Calculation of Tate epsilon factor in the ramified case

Question

Let $F$ be a nonarchimedean local field, $\chi$ a ramified character of $F^{\ast}$, $\psi$ a nontrivial character of $F$, and $dx$ a Haar measure on $F$ with respect to which the Fourier transform is defined. The local Tate epsilon factor $\epsilon(\chi,\psi,dx)$ is defined via the local functional equation $$\epsilon(\chi,\psi,dx) \int\limits_{F^{\ast}} f(x)\chi(x) d^{\ast}x = \int\limits_{F^{\ast}} \hat{f}(x) \chi^{-1}(x)|x| d^{\ast}x$$ for all suitable functions $f \in C_c(F)$. Taking $f$ to be a characteristic function of a suitable open compact subgroup of $F$, one can realize $\epsilon(\chi,\psi,dx)$ as a "principal value integral"

$$\epsilon(\chi,\psi,dx) = \int\limits_{F} \chi^{-1}(x) \overline{\psi(x)} d^{\ast}x \tag{1}$$ in the sense that the right hand side becomes constant and equal to the left hand side when evaluated over $\mathfrak p_F^{-k}$ for sufficiently large $k$.

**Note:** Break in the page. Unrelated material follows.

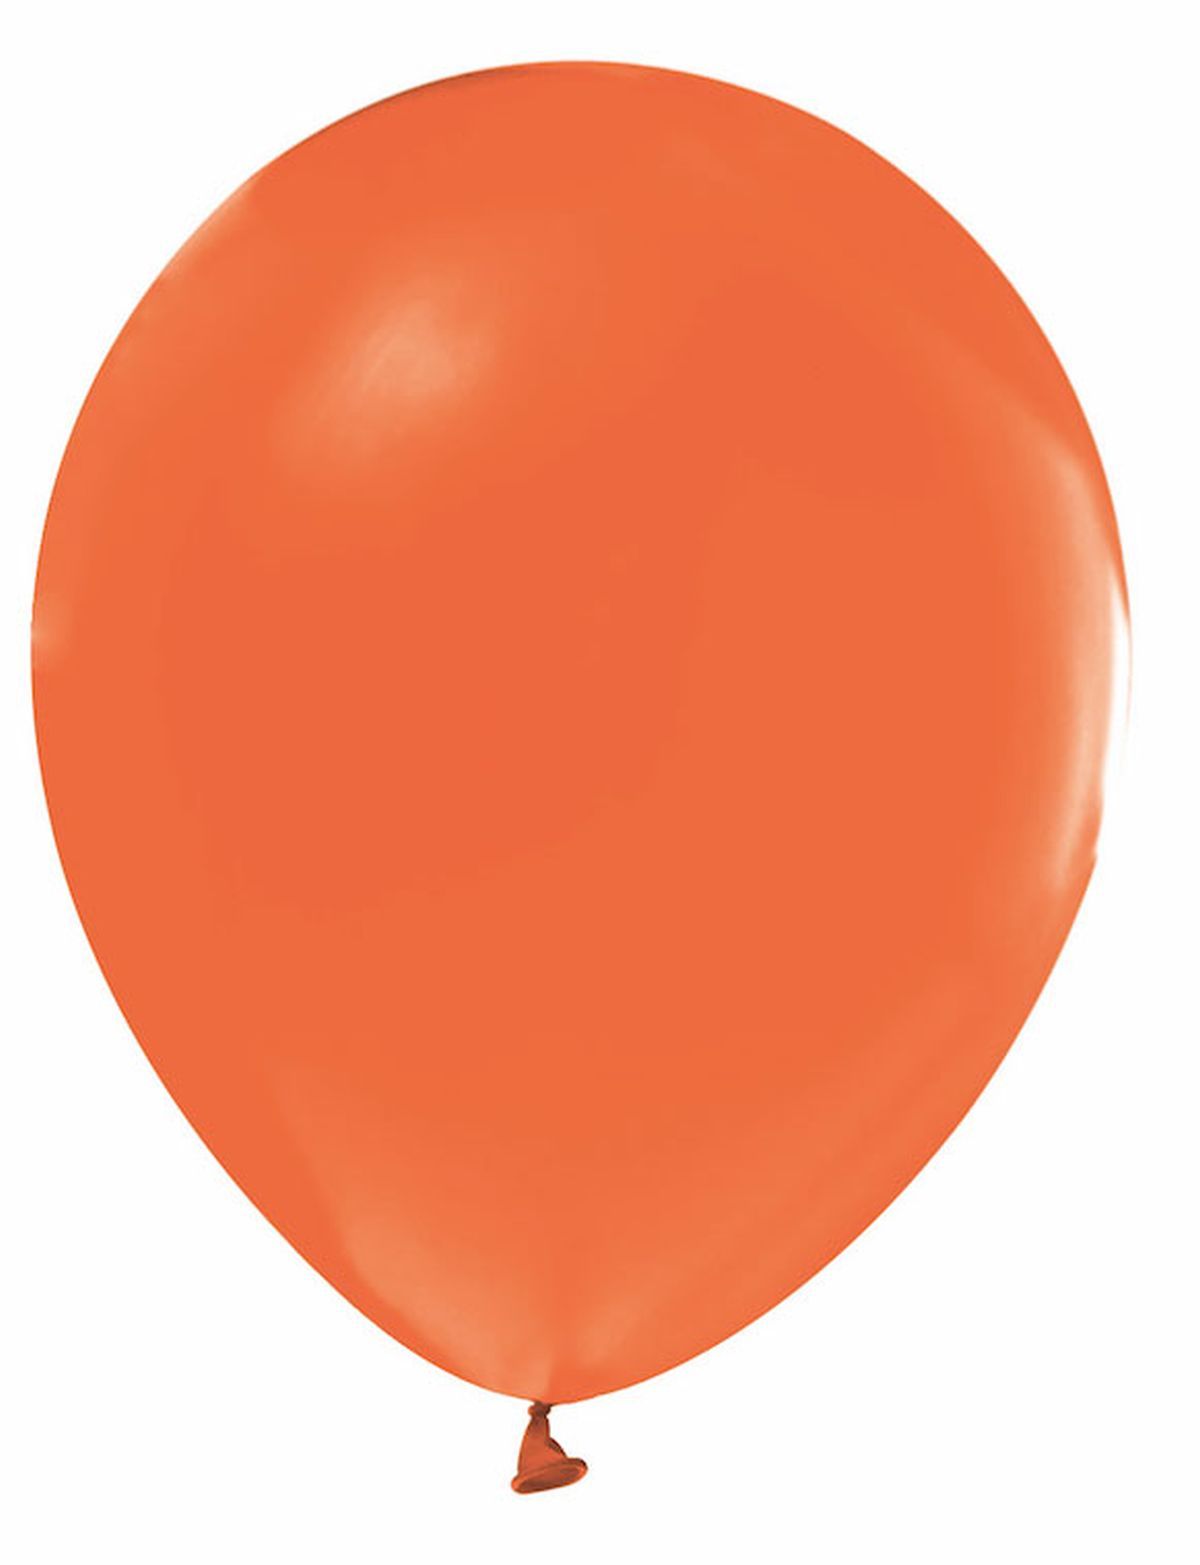 На оранжевом шаре. Воздушный шарик. Оранжевый шарик. Оранжевые воздушные шары. Воздушный шарик круглый.

Let $f$ and $d$ be the conductors of $\chi$ and $\psi$. Tate's article in Corvallis II describes $\epsilon(\chi,\psi,dx)$ more specifically as the right hand side of (1) where the integral is only taken over the annulus of $x \in F^{\ast}$ with $\operatorname{ord}(x) = -d-f$.

Here $\operatorname{ord}(c) = d +f$.

My question is, what can be said about the summands

$$\int\limits_{\pi^n \mathcal O^{\ast}} \chi^{-1}(x) \psi(x)dx$$

Are they all equal to zero except for $n = -d-f$? In Tate's thesis, he shows they are zero for $n > -d-f$. I was wondering whether the ones for $n < -d-f$ are individually zero, or whether they just cancel each other out in the long term.

Answer 1

Let me for completeness repeat the argument from the proof of Lemma 1.1.1 in "Some remarks on local newforms for $𝐺𝐿(2)$" by Ralf Schmidt.

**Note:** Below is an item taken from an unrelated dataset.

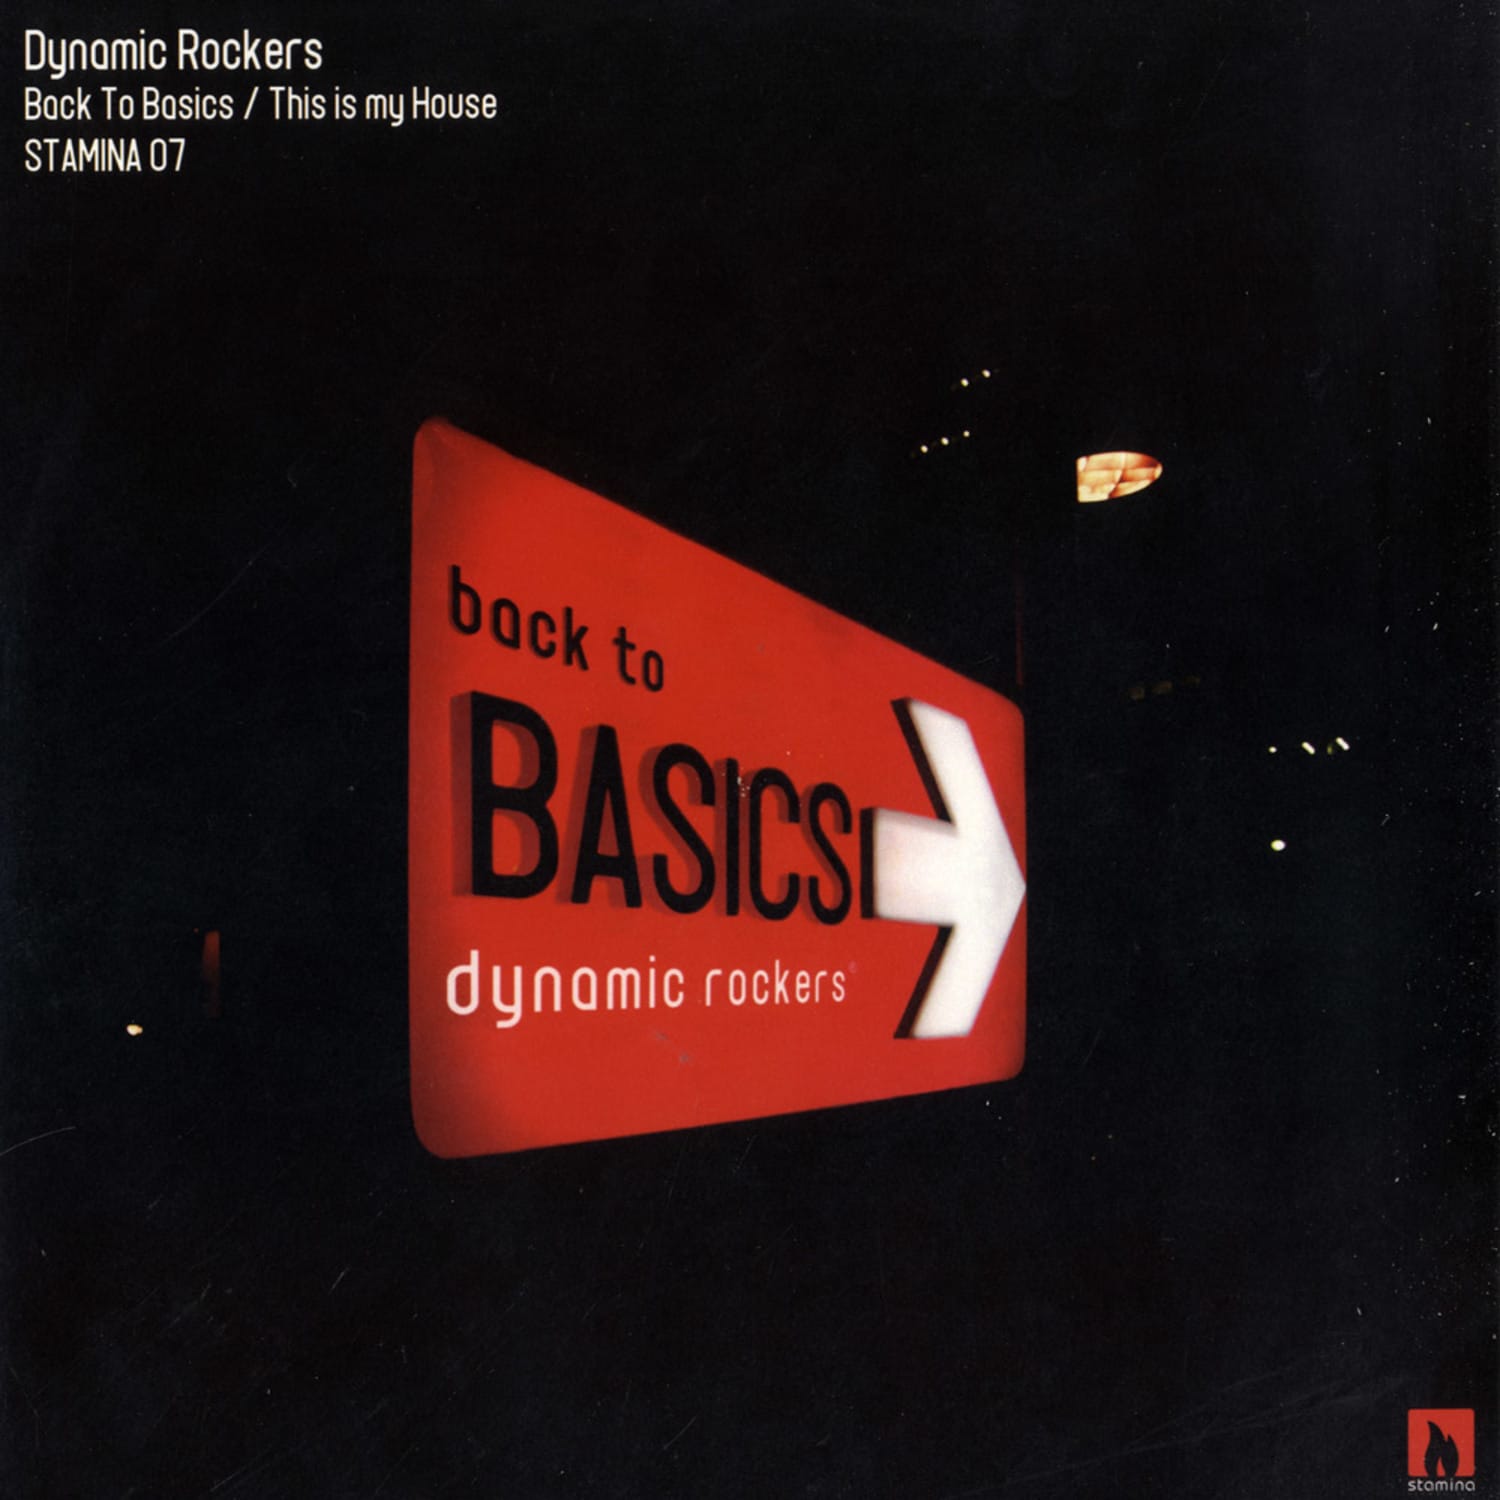 Dynamic Rockers - BACK TO BASICS

Define $$I(n)=\int_{\pi^n \mathcal{O}^{*}} \chi^{-1}(x)\psi(x)dx.$$ Since The case $n>-d-f$ seems to be known we focus on $n<-d-f$. (Since we are only interested in showing that these integrals vanish the precise normalisation of the measure is not so important. However, for convenience say dx is the additive Haar measure on $F$ normalised such that it gives measure $1$ to $\mathcal{O}$.) We decompose the integral as follows: $$I(n) = \vert \pi^n\vert \chi^{-1}(\pi^n)\sum_{y\in \mathcal{O}^*/(1+\pi^d \mathcal{O})}\chi^{-1}(y)\int_{1+\pi^d\mathcal{O}}\chi^{-1}(x)\psi(xy\pi^n)dx.$$ By the definition of the conductor we find that $\chi^{-1}$ restricted to $1+\pi^d\mathcal{O}^*$ is trivial. Thus we have \begin{align}\int_{1+\pi^d\mathcal{O}}\chi^{-1}(x)\psi(xy\pi^n)dx &= \int_{1+\pi^d\mathcal{O}}\psi(xy\pi^n)dx = \int_{1+\pi^d\mathcal{O}}\chi^{-1}(x)\psi(xy\pi^n)dx \\ &= \vert \pi^d \vert \psi(y\pi^n)\int_{\mathcal{O}}\psi(xy\pi^{n+d})dx.\end{align} Finally, by assumption on $n$ we have $n+d<-f$ such that, according to the definition of $f$, we have $$ \int_{\mathcal{O}}\psi(xy\pi^{n+d})dx=0.$$ This is enough to conclude that $I(n)=0$ for $n<-d-f$.